● Input data:

━━━━

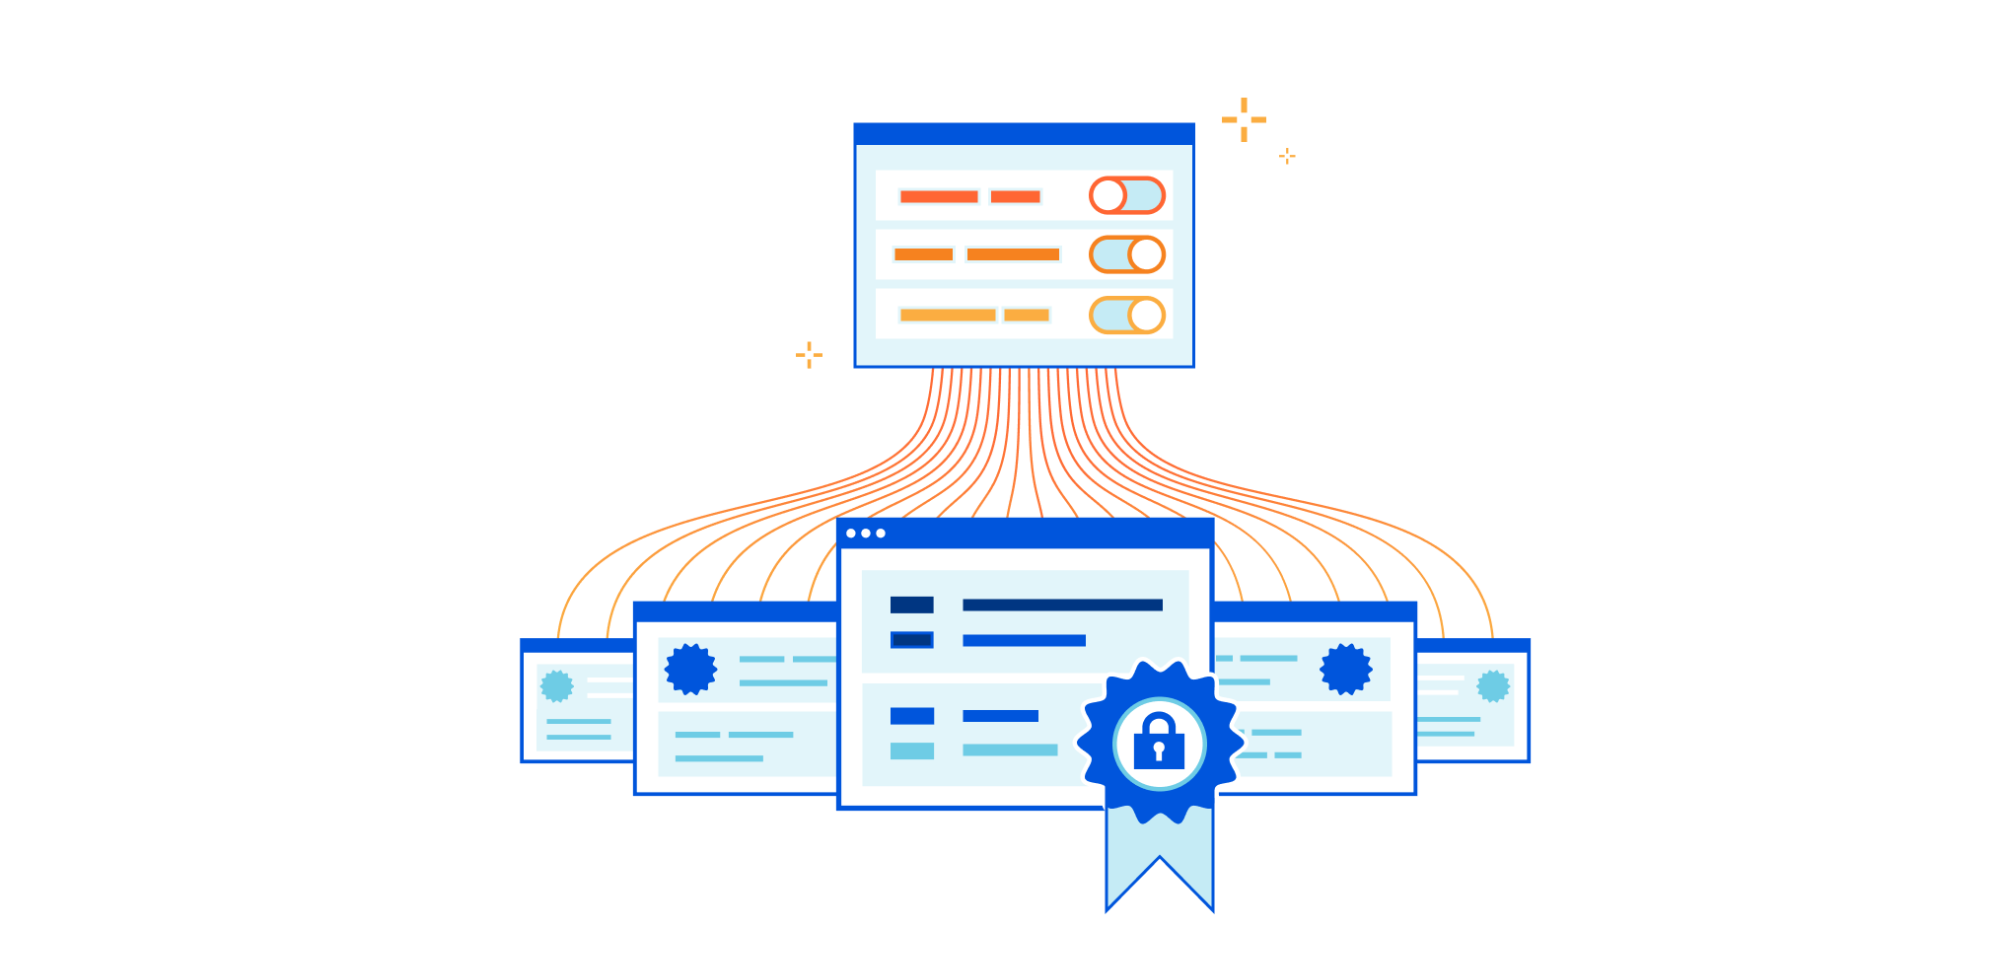 Introducing: Advanced Certificate Manager
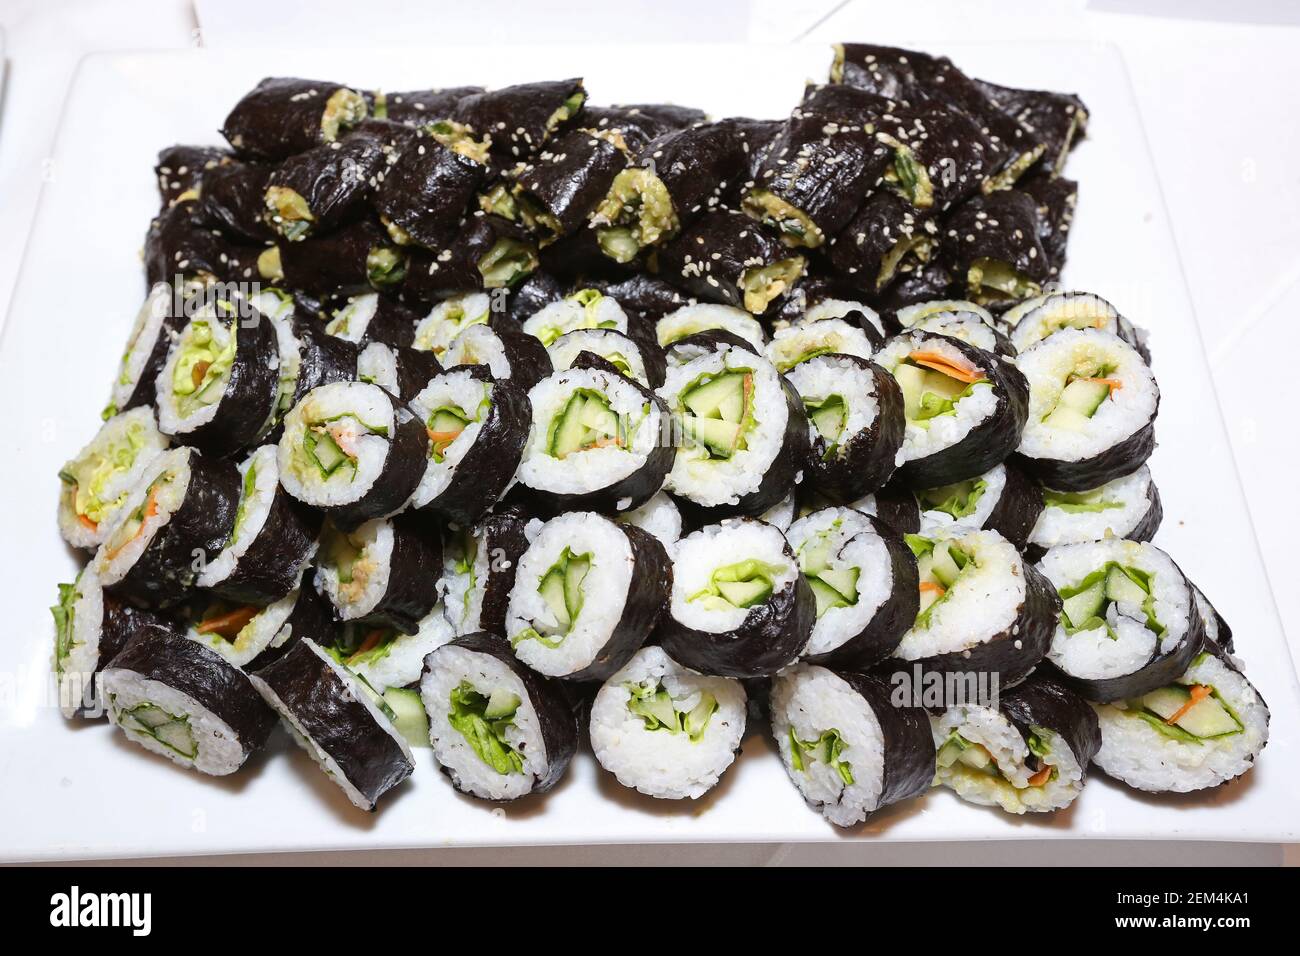 Prepared sushi served as a canape Stock Photo
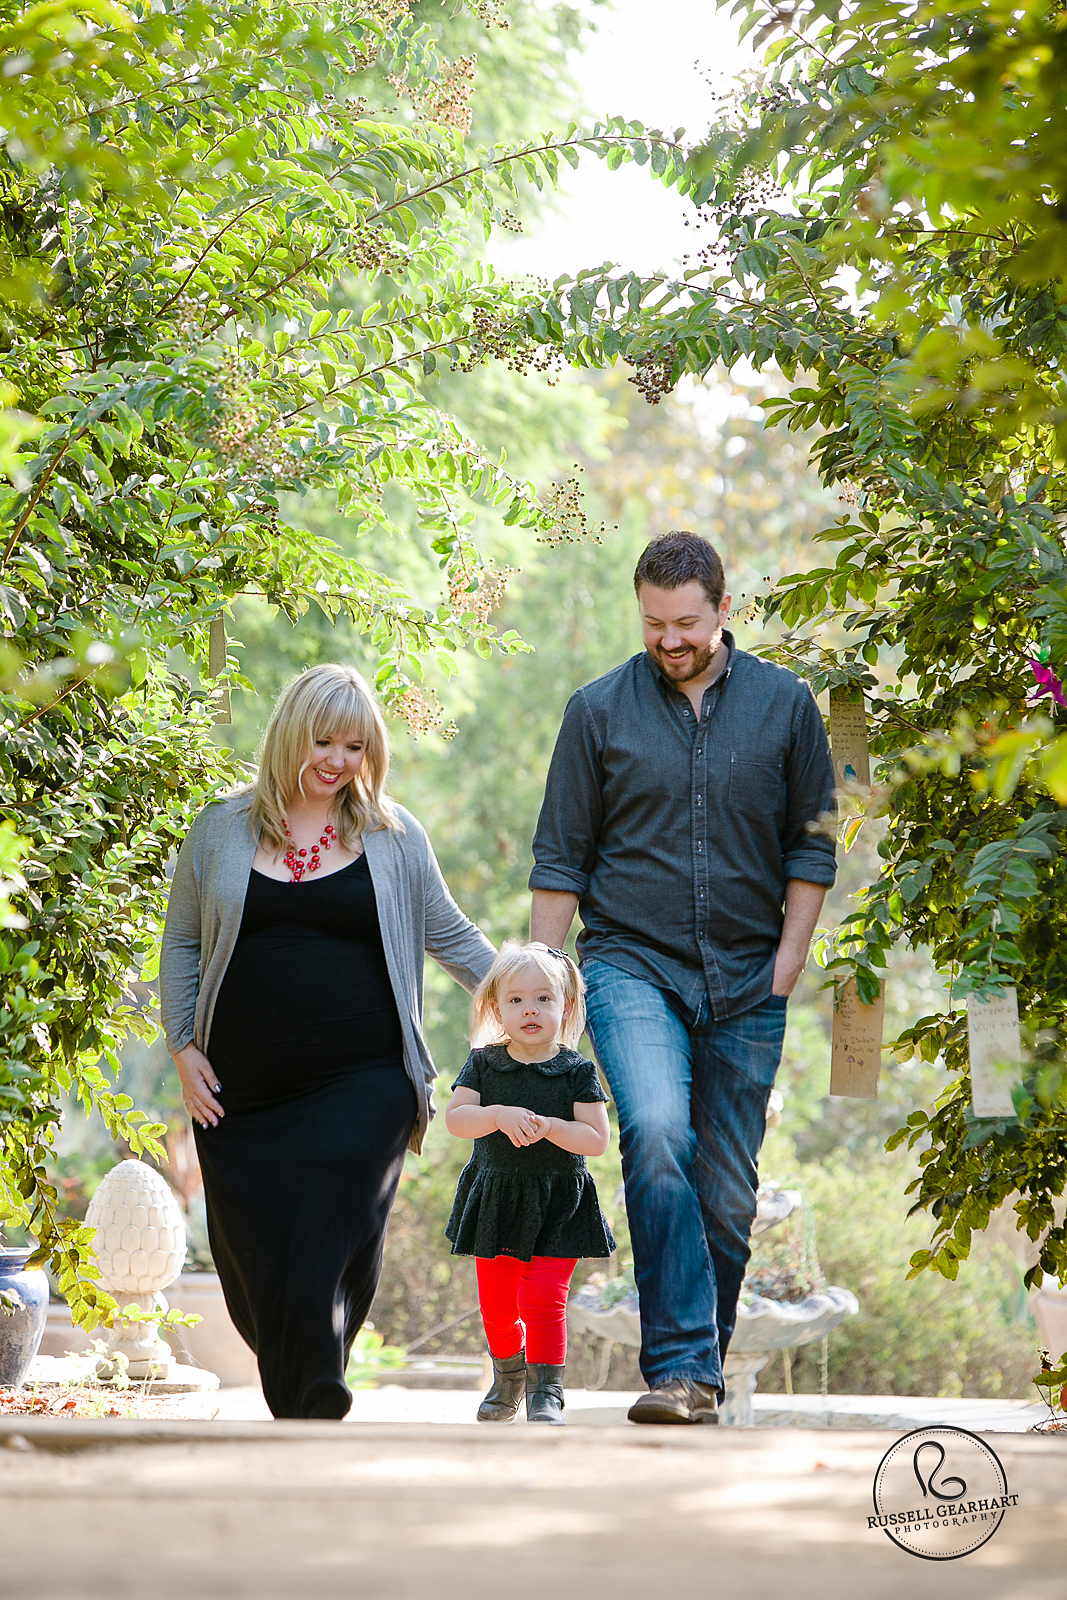 Pasadena Family Portraits: Goyette Family – Russell Gearhart Photography – www.gearhartphoto.com
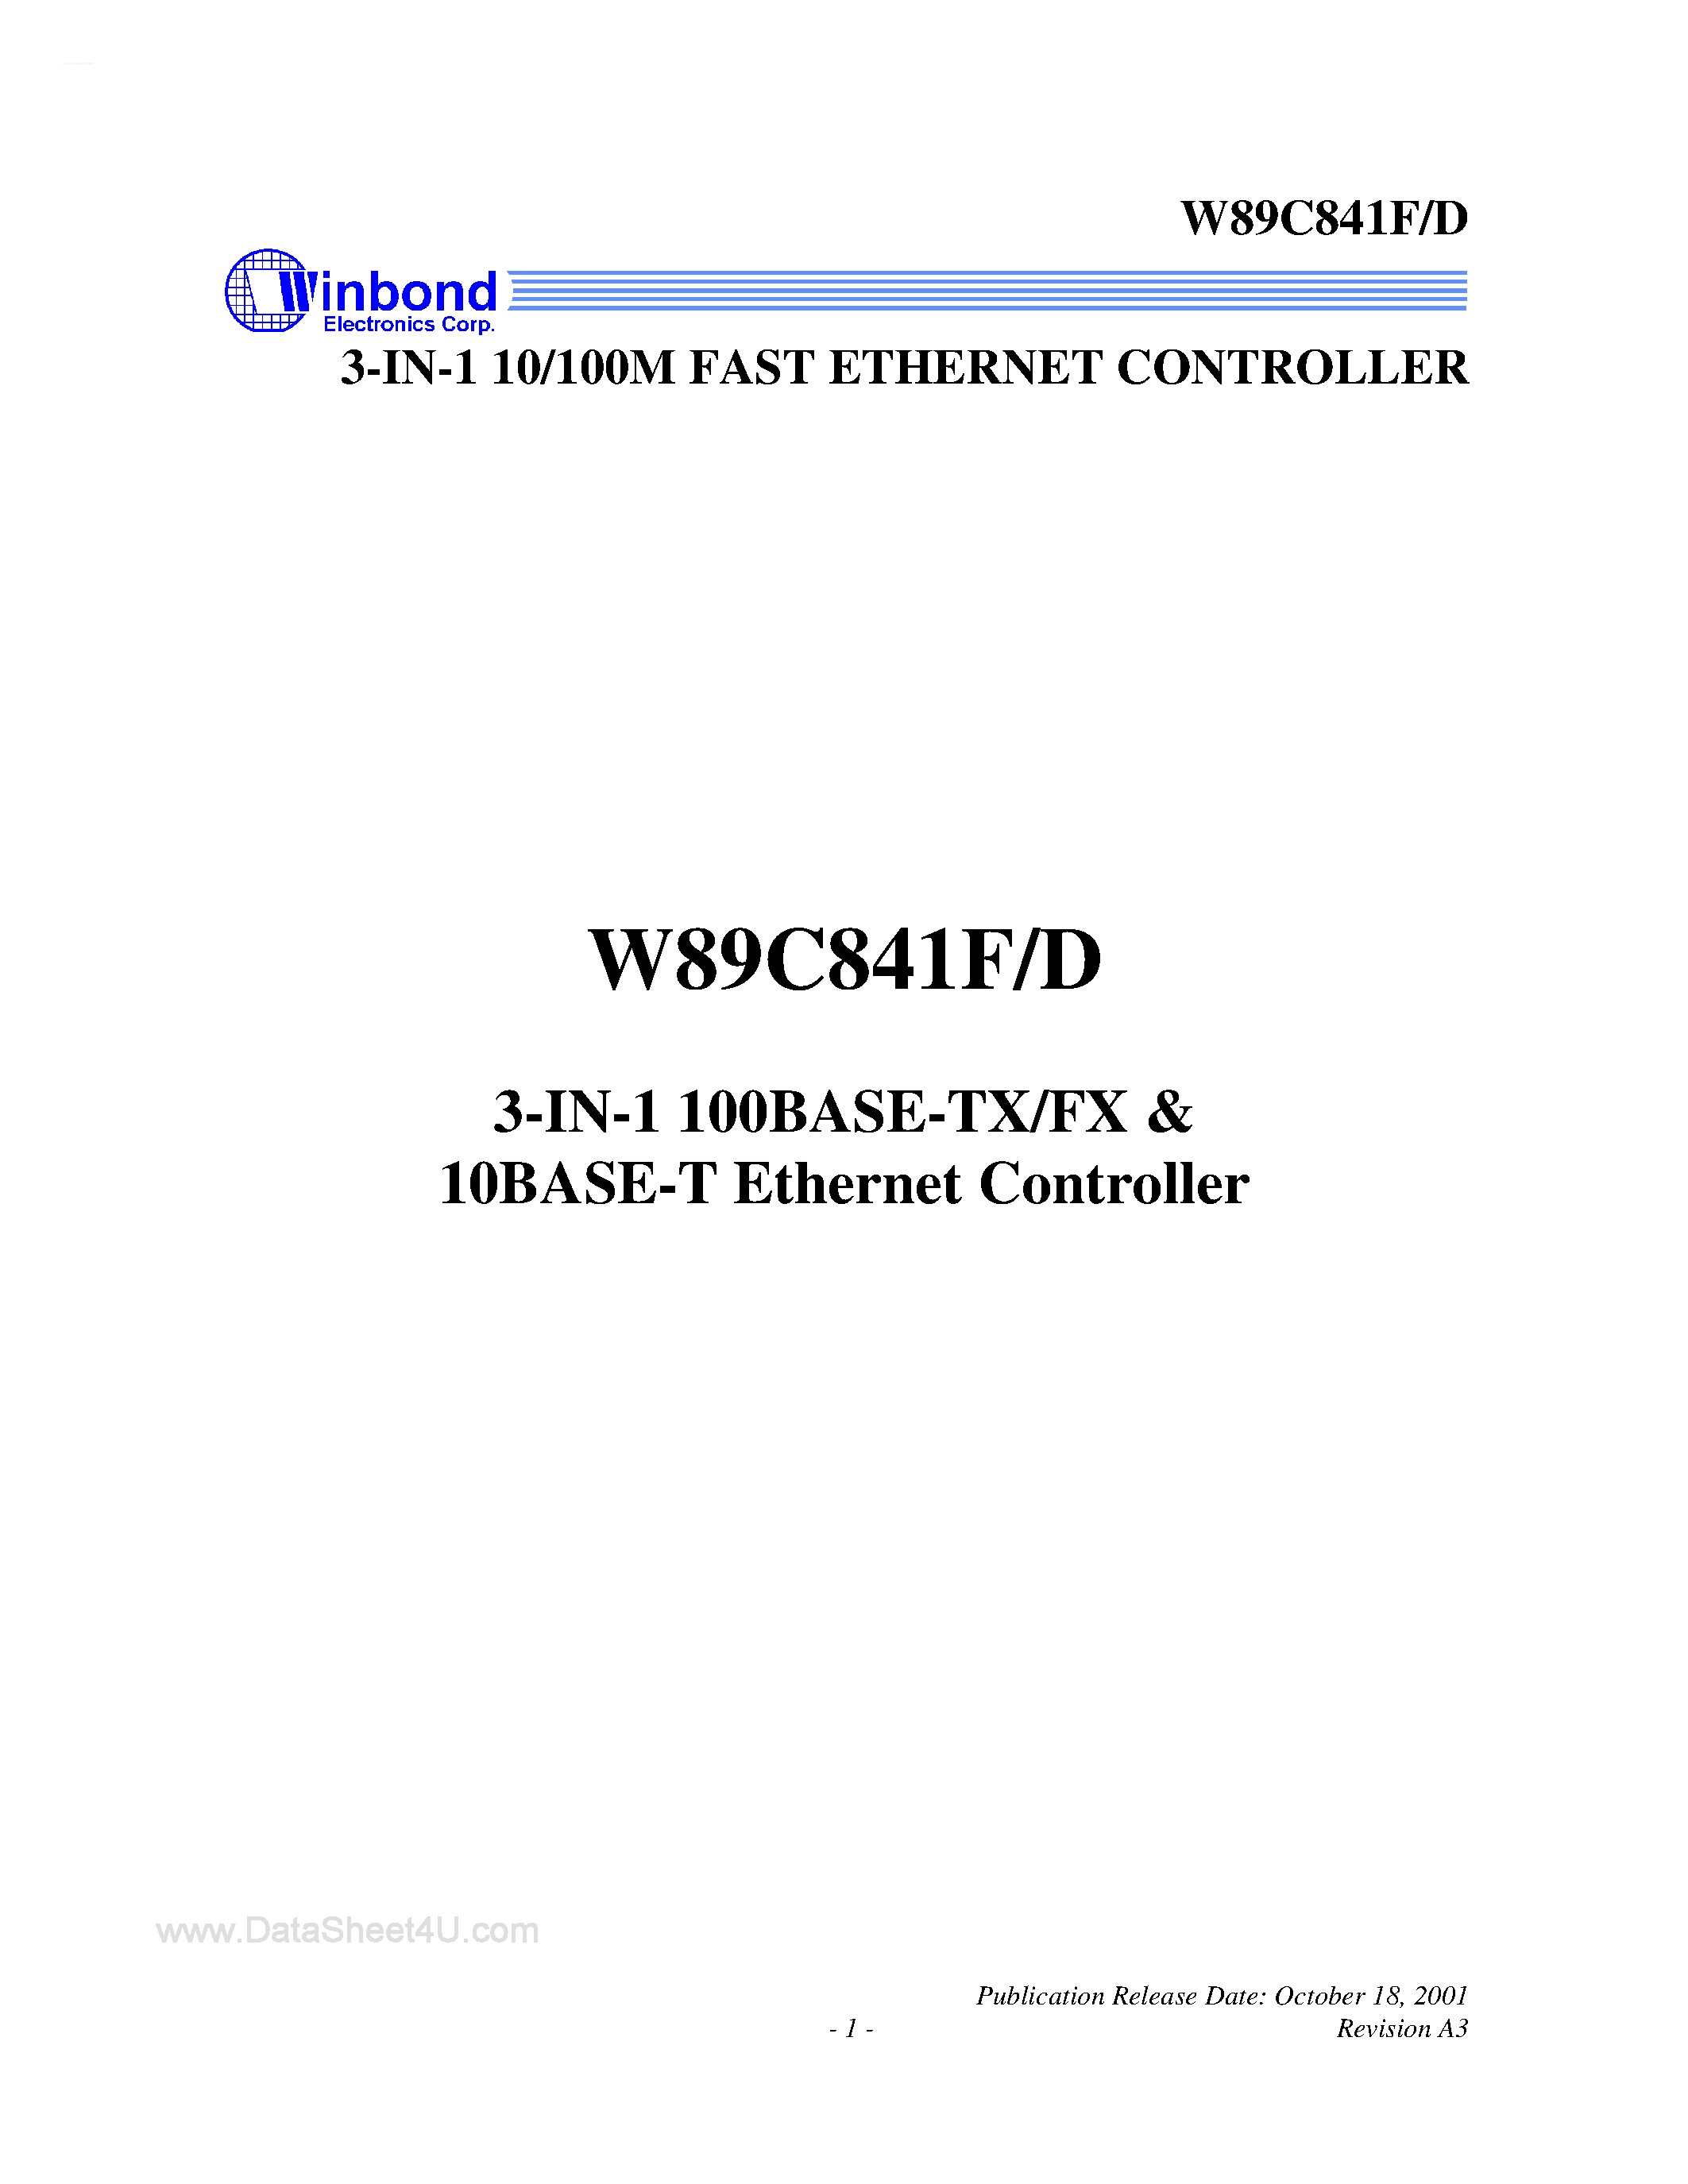 Даташит W89C841F - 3-IN - 1 10/100M FAST ETHERNET CONTROLLER страница 1

━━━━

Copy the data character for character, but drop all pictures from the copy.

● Problem solution:
 Introducing: Advanced Certificate Manager
 Prepared sushi served as a canape Stock Photo
 Pasadena Family Portraits: Goyette Family – Russell Gearhart Photography – www.gearhartphoto.com
 Даташит W89C841F - 3-IN - 1 10/100M FAST ETHERNET CONTROLLER страница 1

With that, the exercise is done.